A meu ver, mais uma forte razão para interrogações. Porque continuamos hoje ainda com intervenções e decisões (?) sobre participações no estrangeiro, sobre problemas (?) de modernização, armamentos, percentagens de operacionalidade? Temos aqui o problema dos eleitos e dos ditadores do passado, e dos eleitos outra vez. E dos eleitores.

10. Penso que desde sempre uma das maiores dificuldades do caminho para a reforma e modernização das FA, assunto que devia ser um dos vários temas de não disputa partidária, é o continuar a observar-se os problemas sempre mais ou menos pelas mesmas perspectivas. Com muitos corporativismos. Sempre sem querer ferir os "donos" anteriores. Sempre a recorrer-se a certos especialistas. Aos eternamente donos e senadores das FA, civis e militares. E por isso, a meu ver, mas posso naturalmente estar enganado, persistem muitos equívocos, muita defesa de quintas, quer olhando a quantitativos quer para o umbigo.
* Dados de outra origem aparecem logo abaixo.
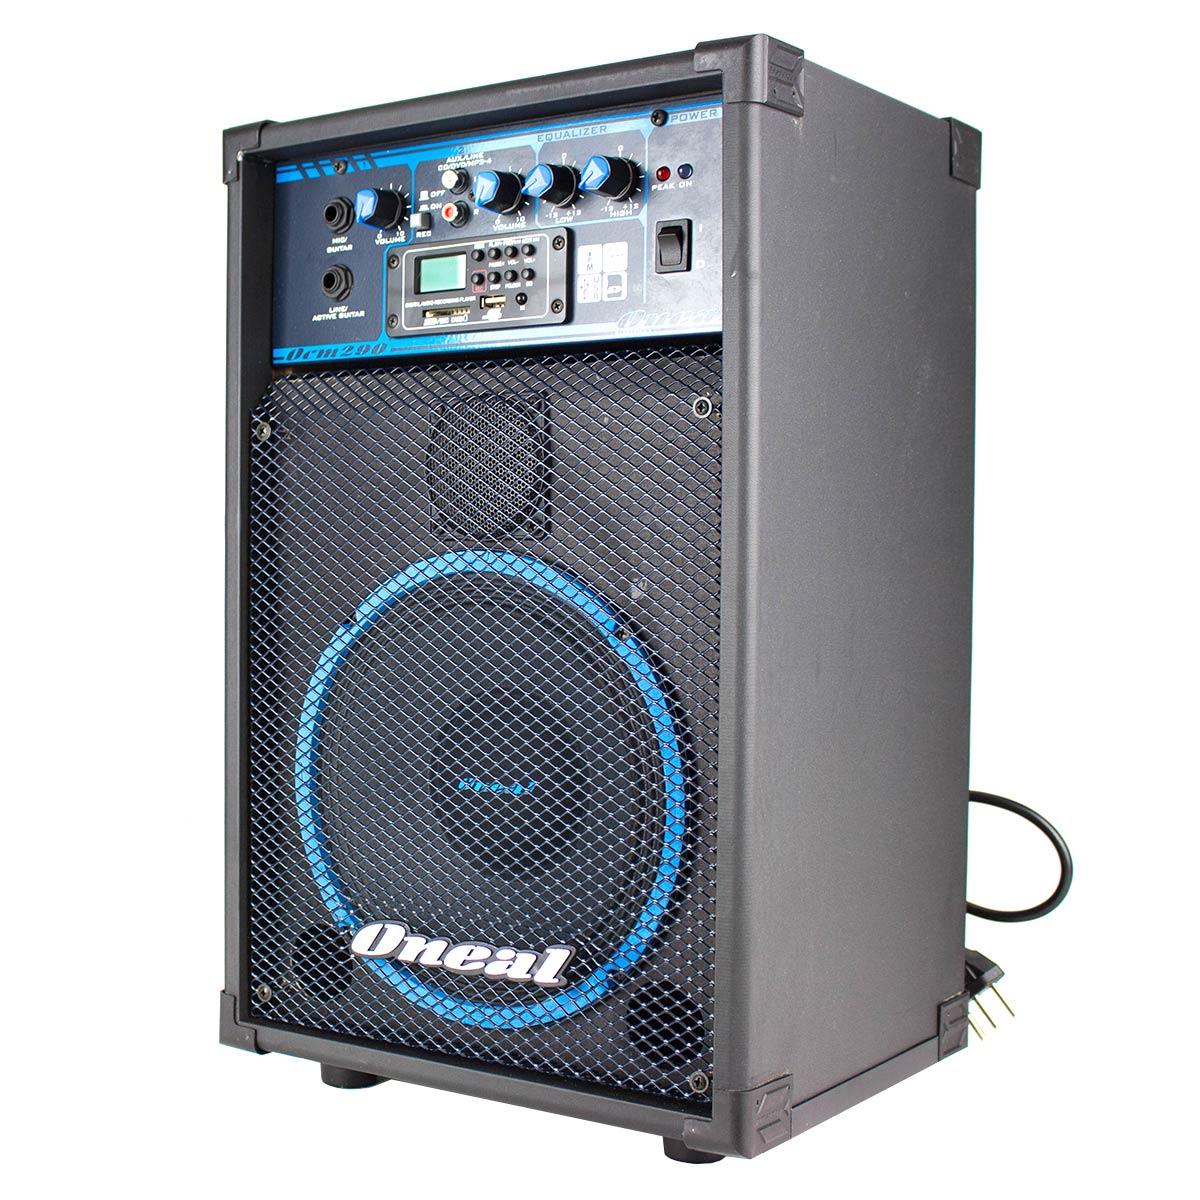 Cubo Multiuso Ativo Fal 8 Pol 50W c/ USB - OCM 290 Oneal

E em vez de se mudarem as vontades em função da mudança dos tempos, continuamos designadamente há três décadas em "mudança mudada em permanente mudança". Pela borda fora ou quase, portanto, referências e permanências. Estaremos perto de deitar fora o bebé com a água do banho? Estaremos a entrar na fase de não dar banho ao bebé?
 11. Que sentido faz hoje para a maioria dos portugueses, na realidade do seu difícil quotidiano, e não nos "enjoativos" discursos formais (ás vezes quase patéticos) dos formalmente mais altos responsáveis nacionais, que o fortalecimento do poder nacional é vital para o País? Qual o grau de interiorização de conceitos fundamentais no seio da sociedade? Que ressonância têm junto da maioria dos cidadãos, por exemplo, permanências como, democracia, estado de direito, soberania, legalidade, território, independência, segurança nacional, defesa nacional, liberdade, justiça, valores morais? À distinção histórico-tradicional entre militares e civis, eu prefiro a terminologia "paisanos e militares". Porque os militares não aparecem desfalcados de cidadania. Nem são casta à parte, instalada com privilégios a coberto de convenções sem sentido. Não, não são casta à parte, são cidadãos de corpo e espírito inteiros, que abraçaram uma profissão muito especializada. Mas convinha muito não serem dados tiros nos próprios pés. As FA são necessárias? Que FA? A minha opinião numa 2ª parte (Fim da 1ª parte).

 António Cabral, CAlmirante, reformado, saturadíssimo do que se passou e vai passando.